[Opening RECORDED INFORMATION section]

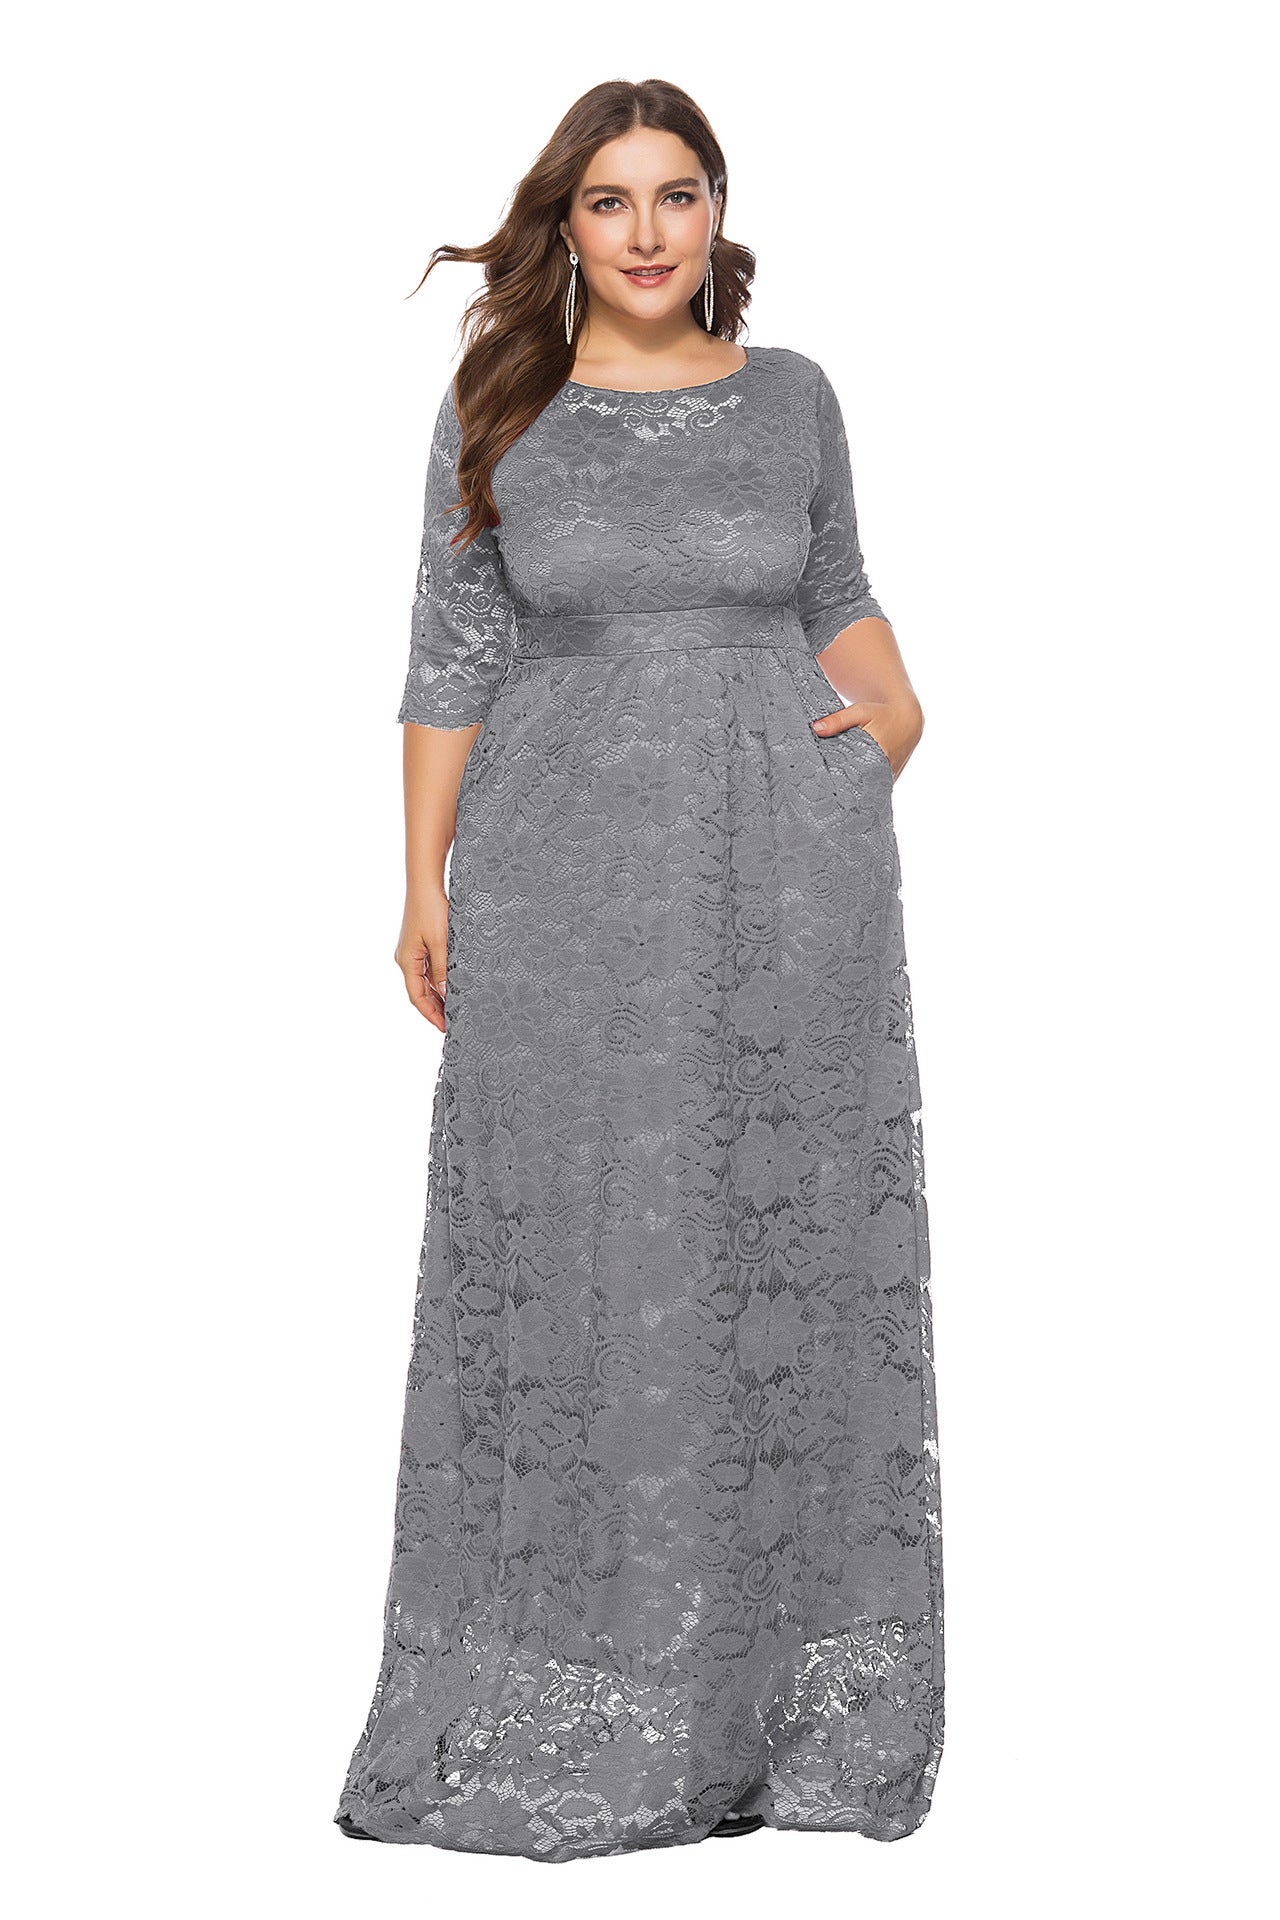 Plus Size Women New Hollow Lace Pocket Dress
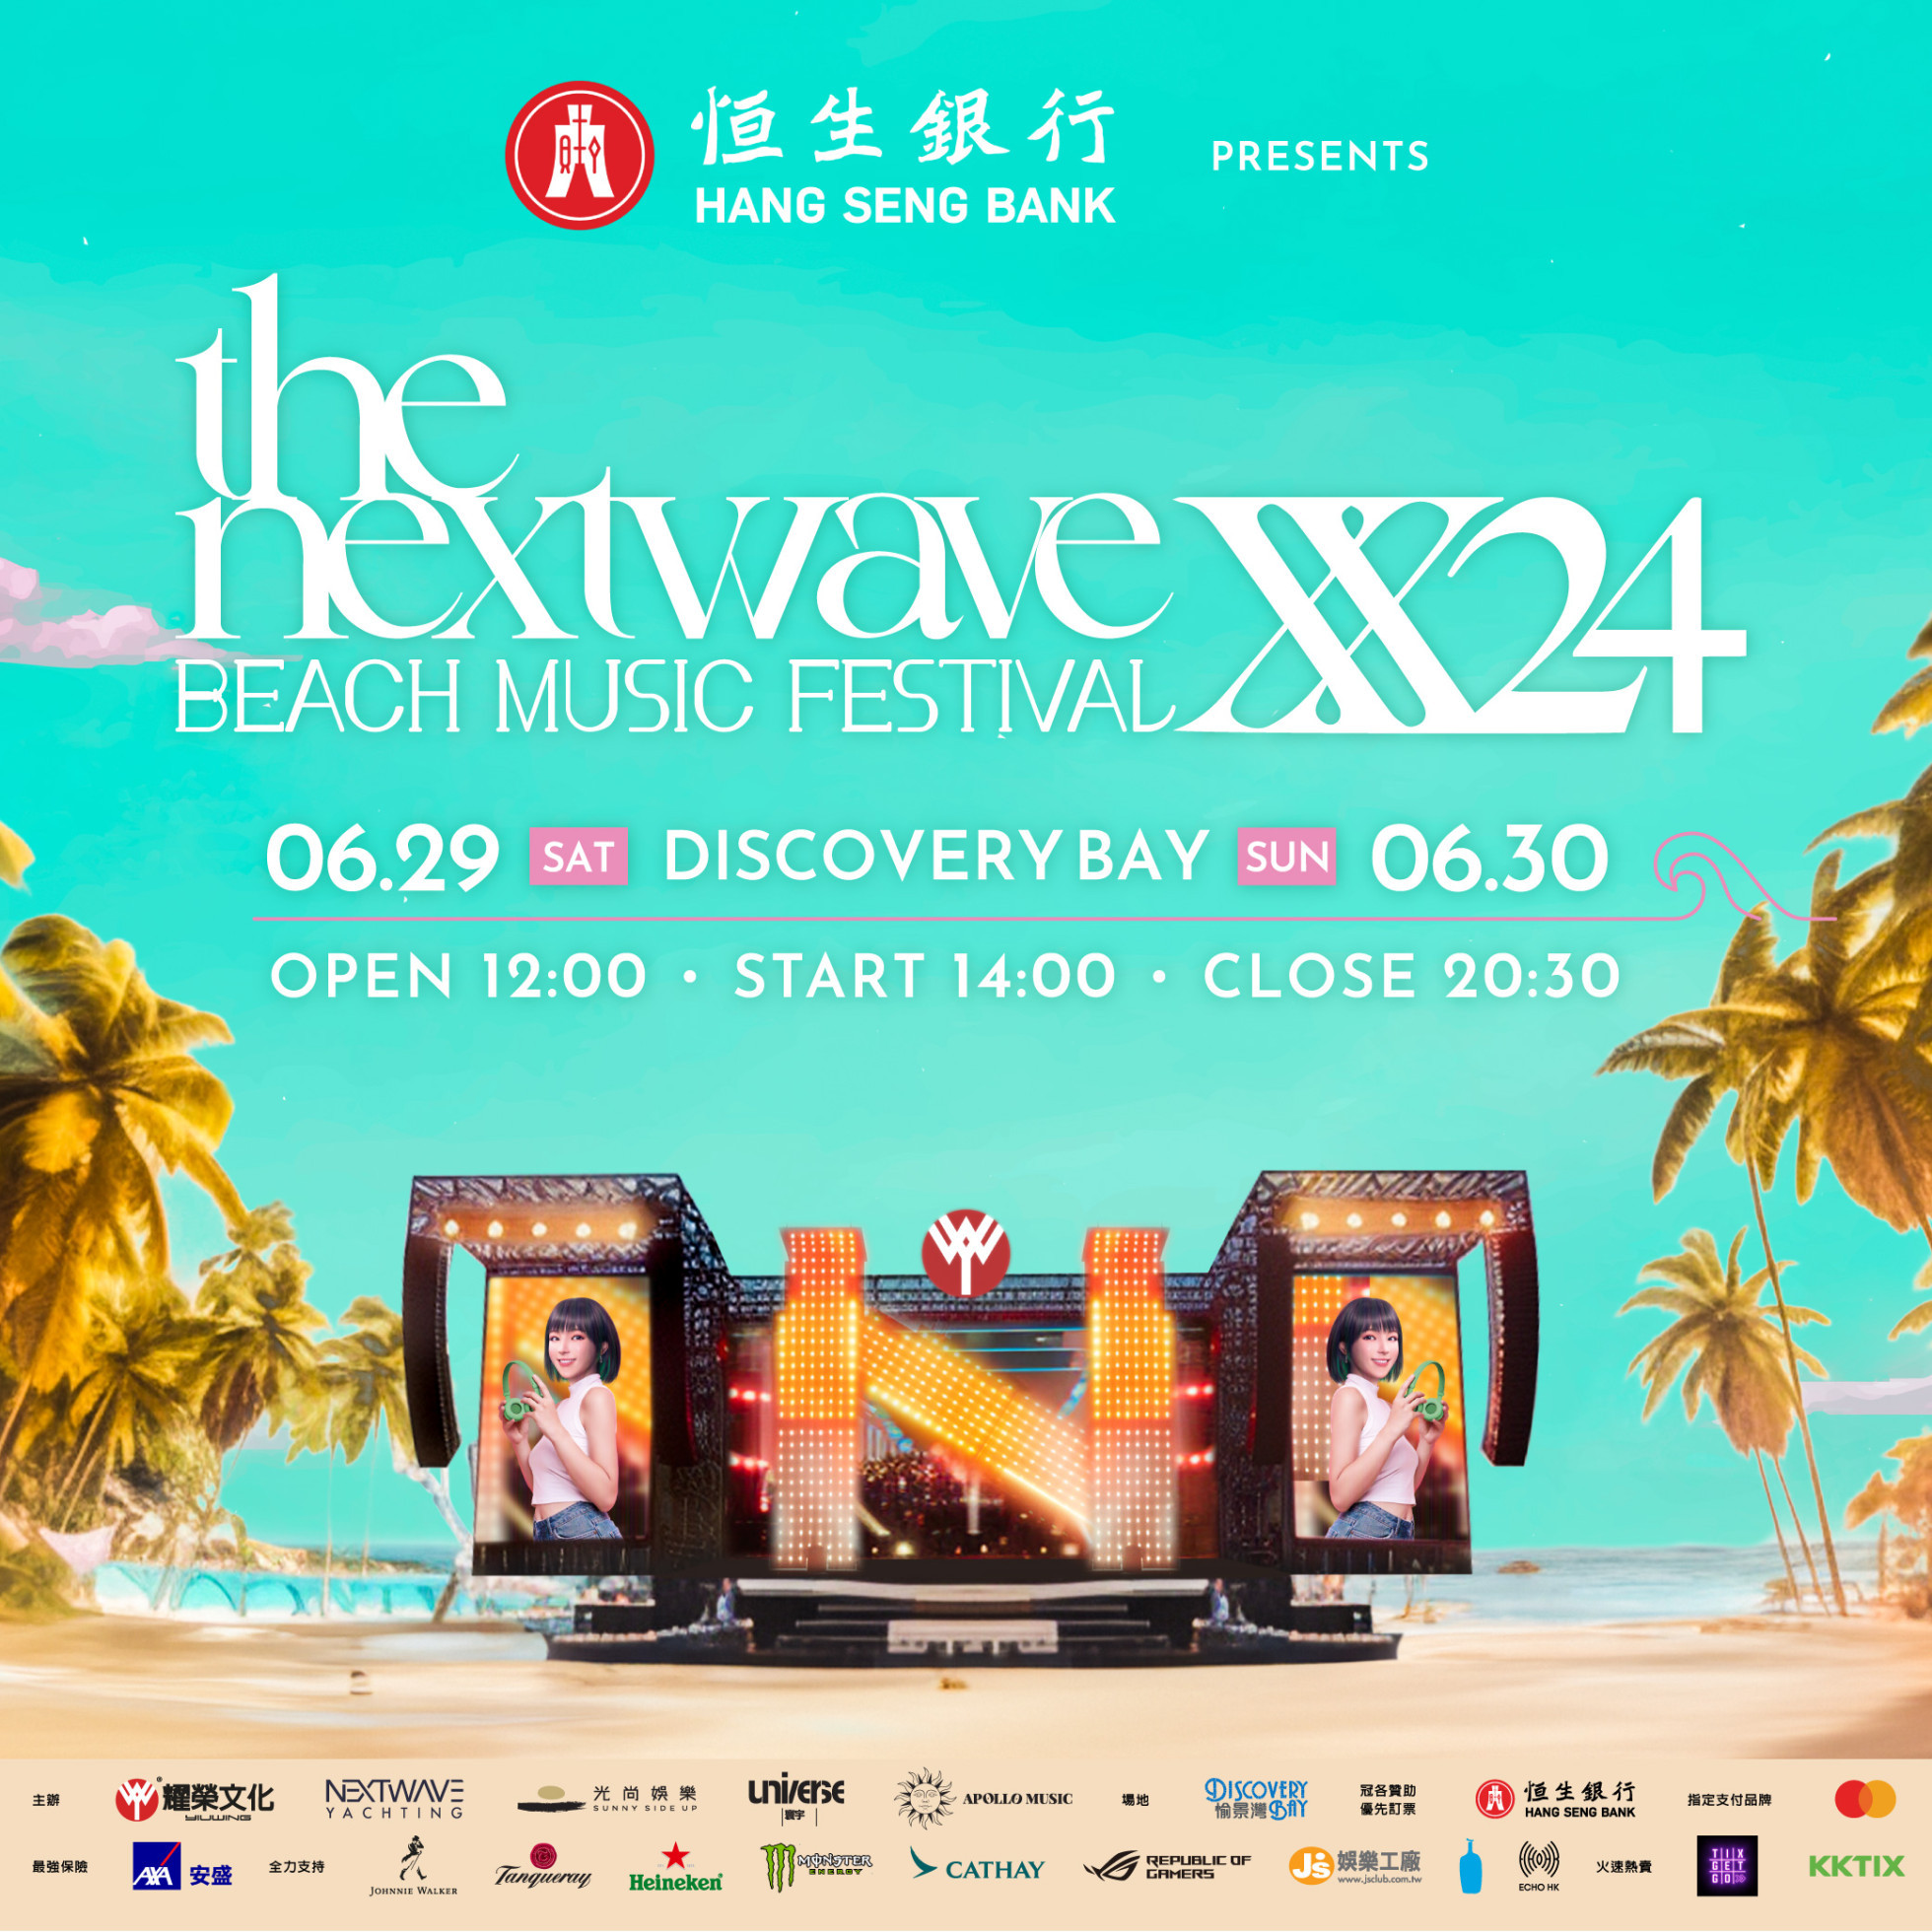 TheNextwave XX24 Beach Music Festival
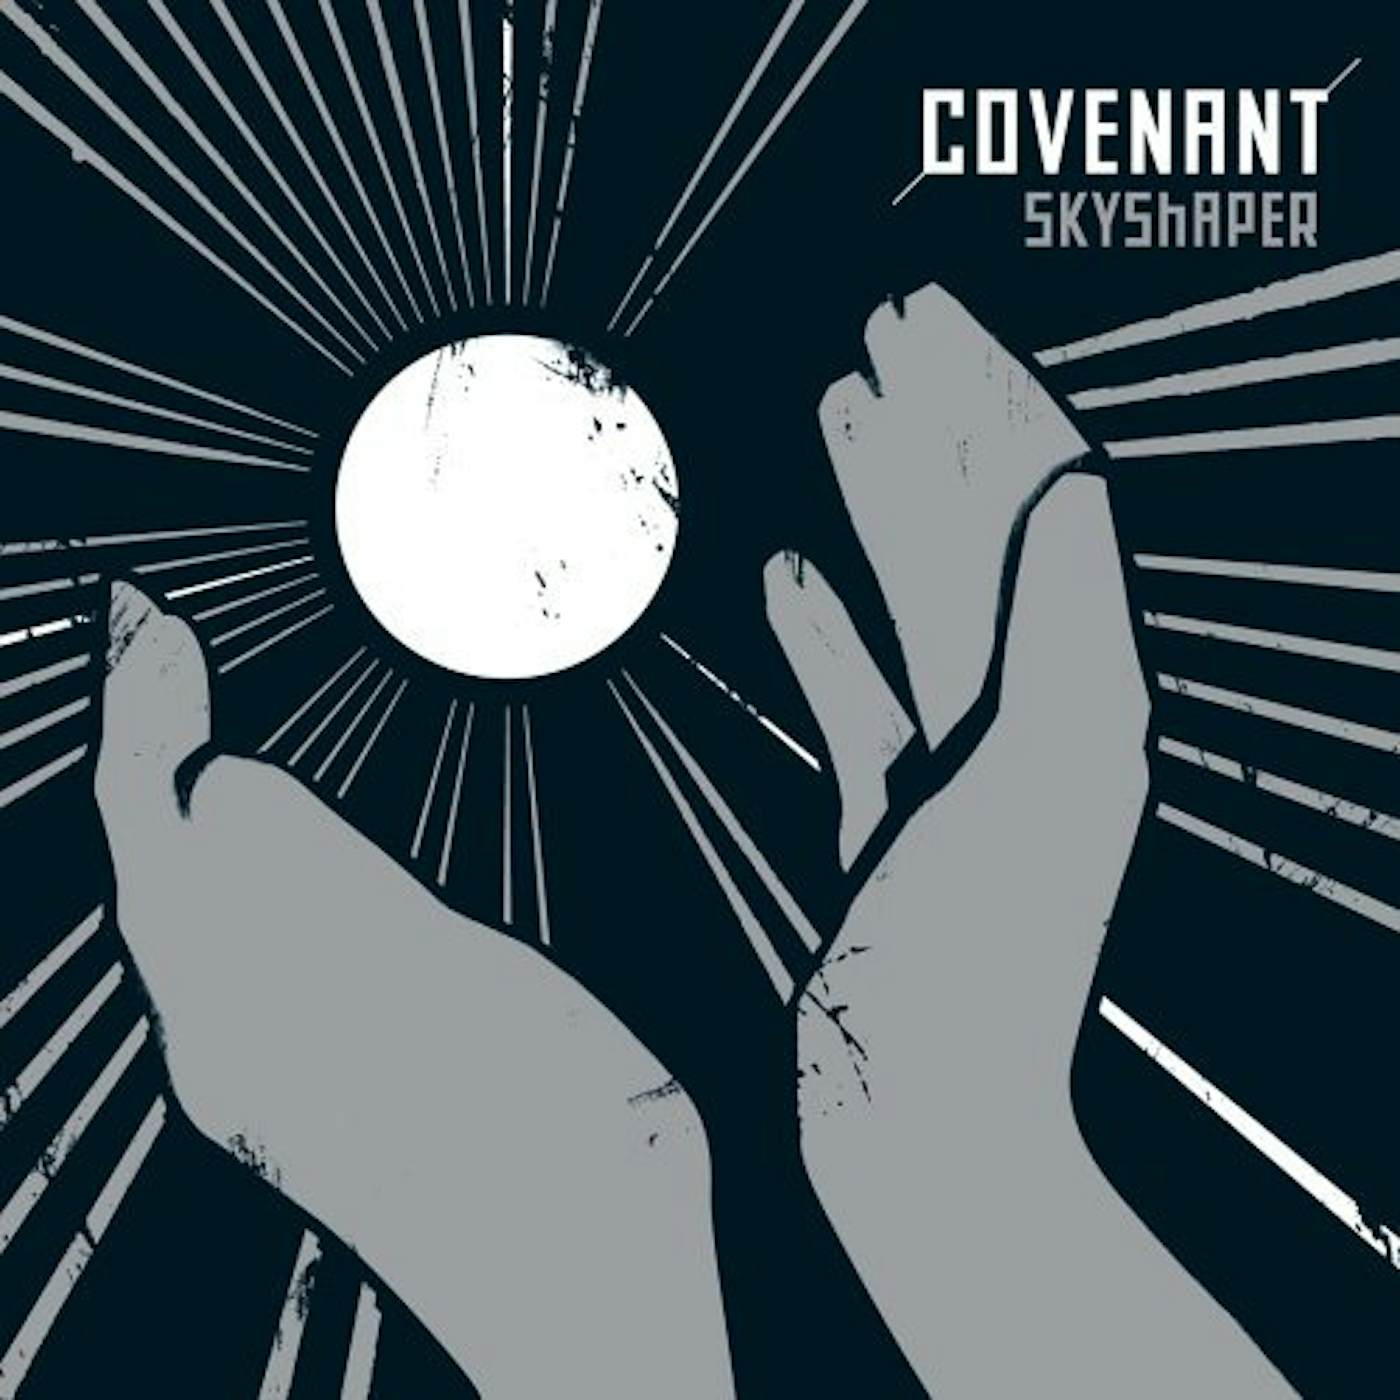 Covenant SKYSHAPER CD

[Closing RECORDED INFORMATION section]

§ WHAT YOU SHOULD DO:
The listing must be repeated word for word, and none of its pictures may appear in the copy.

§ RESULT:
 Plus Size Women New Hollow Lace Pocket Dress
 TheNextwave XX24 Beach Music Festival
 Covenant SKYSHAPER CD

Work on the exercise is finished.